También en Alemania cuecen habas
La situación por la que atravesaron las cajas españolas en 2012 no es tan distinta de la que ahora mismo está experimentando buena parte de la banca alemana con idéntica complicidad en su ocultación por parte de las autoridades germanas. Esta misma semana, el Deutsche Bank anunció que estaba estudiando la posibilidad de despedir a 10.000 trabajadores de su plantilla para intentar reflotar su languideciente rentabilidad. No es para menos: el banco teutón necesita desesperadamente captar, como poco, 20.000 millones de euros de capital en los mercados y, evidentemente, ningún inversor está dispuesto a brindárselos a menos que espere lograr un retorno que le compense el alto riesgo que está asumiendo.
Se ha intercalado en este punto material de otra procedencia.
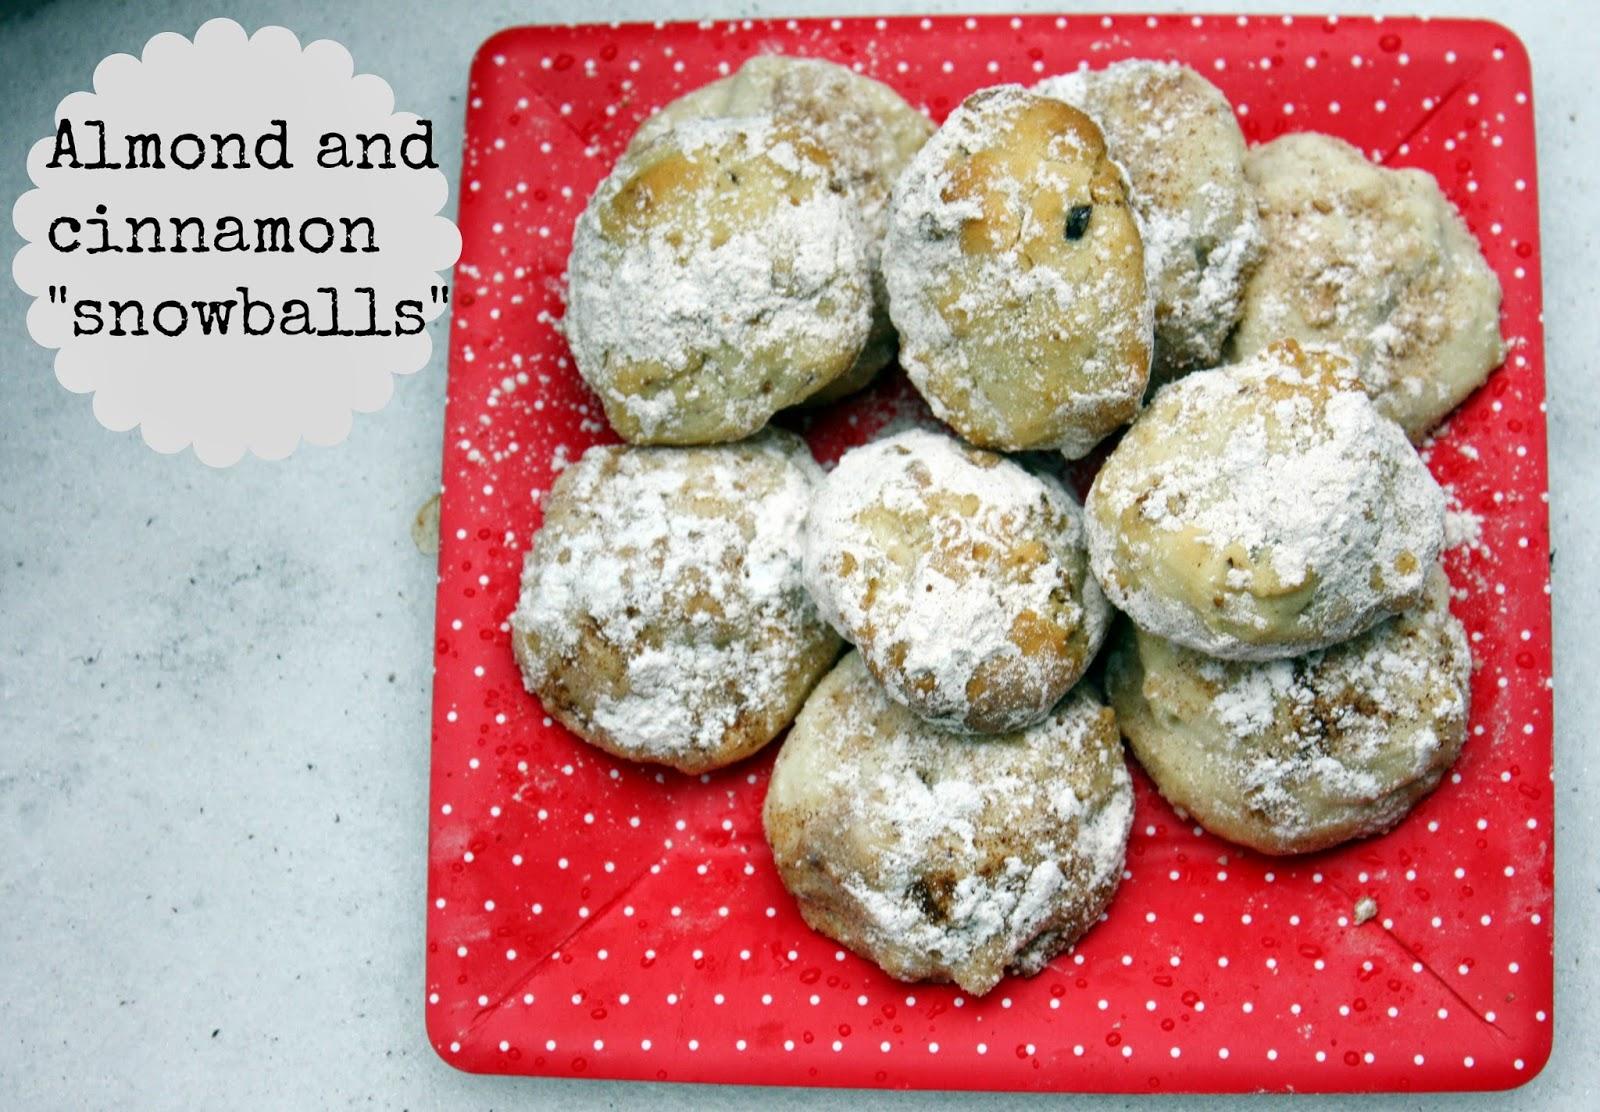 Almond and cinnamon snowball cookies

Los burócratas alemanes son plenamente conscientes de esta situación pero, como ya sucedió en España hasta 2011, parecen más interesados en ocultarlos para intentar que algunos incautos ahorradores dilapiden su dinero adquiriendo los activos basura que inevitablemente tendrá que vender el Deutsche Bank para evitar su quiebra.
España no cumple
El gobierno español remitió ayer mismo a Bruselas su plan de ajuste para garantizar el cumplimiento de los objetivos de déficit en 2016 y 2017. Ninguna novedad con respecto a lo que ya conocíamos: el gobierno confía cumplir en 2016 con las medidas ya adoptadas (congelación del gasto en la administración y adelanto del Impuesto de Sociedades) y coloca una vela al crecimiento de 2017 para que impulse al alza la recaudación tributaria. Acaso lo más llamativo, sin embargo, es que el Ejecutivo reconozca que, pese a las nuevas medidas, no seremos capaces de alcanzar el objetivo de déficit en 2017: y es que, para el equipo de Montoro, todo apunta a que cerraremos el próximo año con un desequilibrio equivalente al 3,6% del PIB, cuando debemos terminar en el 3,1%. Es decir, faltan 5.000 millones de euros de ajuste que, si queremos evitar la sanción de Bruselas, recaerán sobre las espaldas del próximo gobierno. De momento, seguimos pataleando el balón hacia delante.
Más burocracia presupuestaria
El ministro de Finanzas alemán, Wolfgang Schäuble, acaba de manifestar su intención de que el MEDE (el fondo de rescate permanente de la Unión Europea) adquiera progresivamente la competencia de supervisar el grado de ajuste fiscal de los presupuestos nacionales, arrebatándole a la Comisión Europea semejante potestad. Según Schäuble, el MEDE posee un perfil más técnico y menos politizado que la Comisión, de modo que sería más inflexible, independiente y profesional —menos dado a componendas— que los actuales comisarios. Y probablemente tenga razón Schäuble en que el MEDE sería menos dado a consentir quebrantos sistemáticos en el Pacto de Estabilidad y Crecimiento, pero tampoco estaría libre de semejante tentación. En realidad, la única forma de conseguir que cada gobierno nacional sea responsable con sus finanzas pasa por no generar expectativas de rescate entre los incumplidores: sólo cuando ellos —y sus prestamistas— sepan que su irresponsabilidad financiera se traducirá en bancarrota, acaso empiecen a ser algo más prudentes en la gestión de su endeudamiento.